By the time the band got started on writing songs for the album Author! Author! their sound had mellowed and matured into something more authentically post-punk -- a comingling of raw punk verve and catchy disco grooves. And that's what most of the music on the album sounds like. However, with "All About You" the band landed on a new, even poppier sound, something with all the passion and intensity one might expect from a Scars track but with a preternatural maturity in its execution and delivery. Had the band continued on this musical track for a followup album, their fanbase would have grown exponentially, and had they released yet another album no one would have dared forget them. After five albums, people would be calling them "Scotland's answer to Duran Duran" and they, not the Simple Minds, would have become the biggest Scottish pop group of the '80s. Which could've turned out to be not quite as good a thing as that seems.
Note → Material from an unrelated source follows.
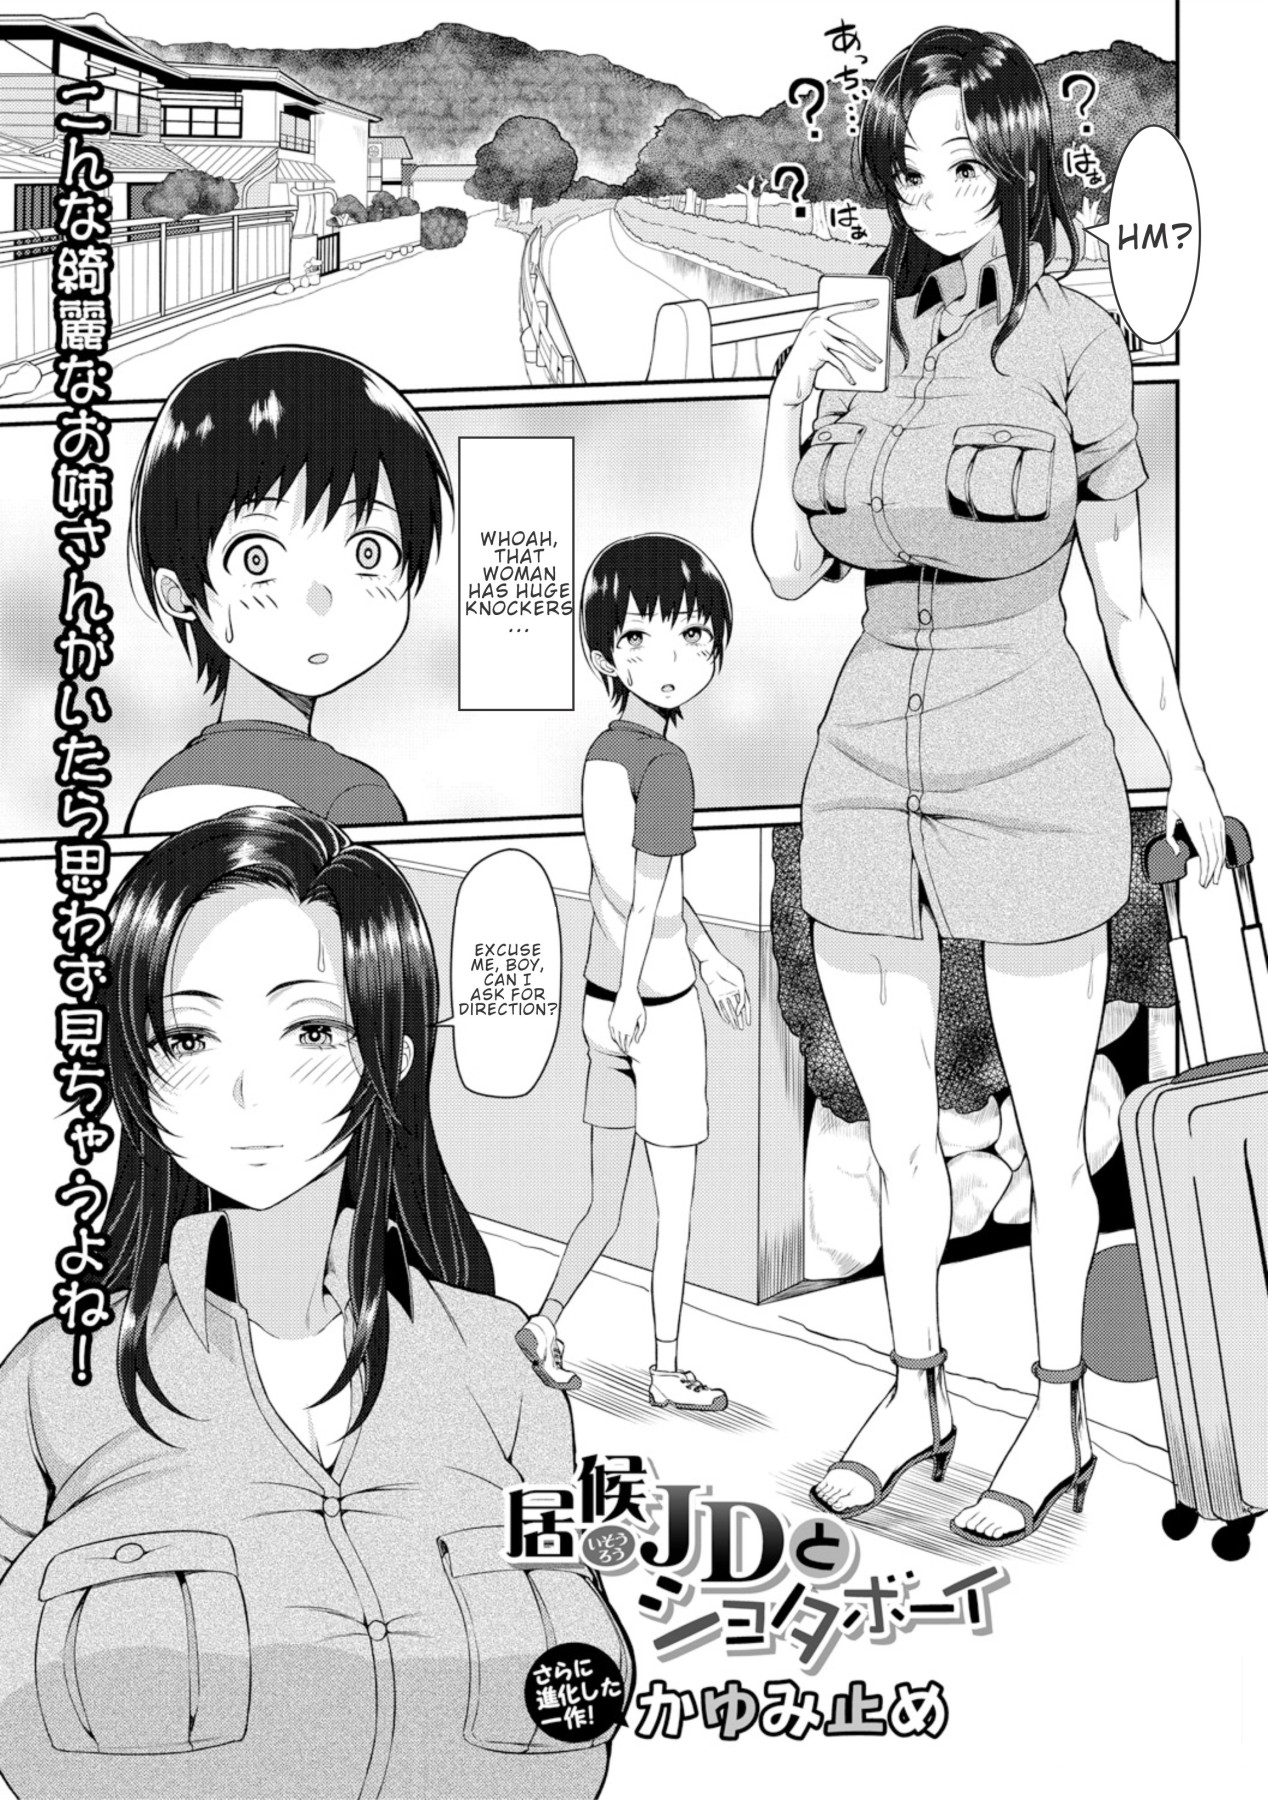 Hentai Manga Comic-Freeloader College Girl and Shota Boy-Read-1

See, the individual band members (including second drummer Steve McLaughlin) have managed to do very well for themselves post-Scars, continuing with their lifelong pattern of impressive accomplishments. Robert King, who learned Greek at the almost literally unbelievable age of 10, has continued to showcase his talent for languages as a Ph.D. holder/expert on ancient languages. Paul Research is continuing to make and perform both popular and classical music, runs marathons, and works a decidedly white collar IT job. John Mackie owns his own design firm. Calumn Mackay is a physicist and engineer who continues to play drums in blues and rock bands in his Grenoble (France) home. And Steve McLaughlin is an in-demand record producer and engineer, working with artists such as Sting and Badly Drawn Boy and winning a Grammy (of all things) for his work on a Tom Petty album.

Perhaps it might have been a curse for a group such as this to have become wildly popular. Maybe they would have felt an intense frustration from the constraints such a life trajectory would have provided. But it would've also meant people such as myself, living an ocean, several thousand miles, and decades away, would have been able to get aboard their fan train a lot easier. I know, I know, that's selfish thinking, but after becoming very acquainted with the band's music, I am puzzled as to why a group with that amount of talent should have had to lie dormant at the bottom of the music history ravine. The fact that they were only there because of the brevity of their recording history is a consolation.

1 comment:

Unknown said...

Ah, the Scars - greatest-ever band in the Scottish punk/post-punk universe.

I was there. Saw them, loved them, still adore them.

It was indeed a tragedy that they never achieved the success they deserved, but such a joy to finally see them get the critical acclaim they missed and with the album rereleased at last, hopefully some commercial success too.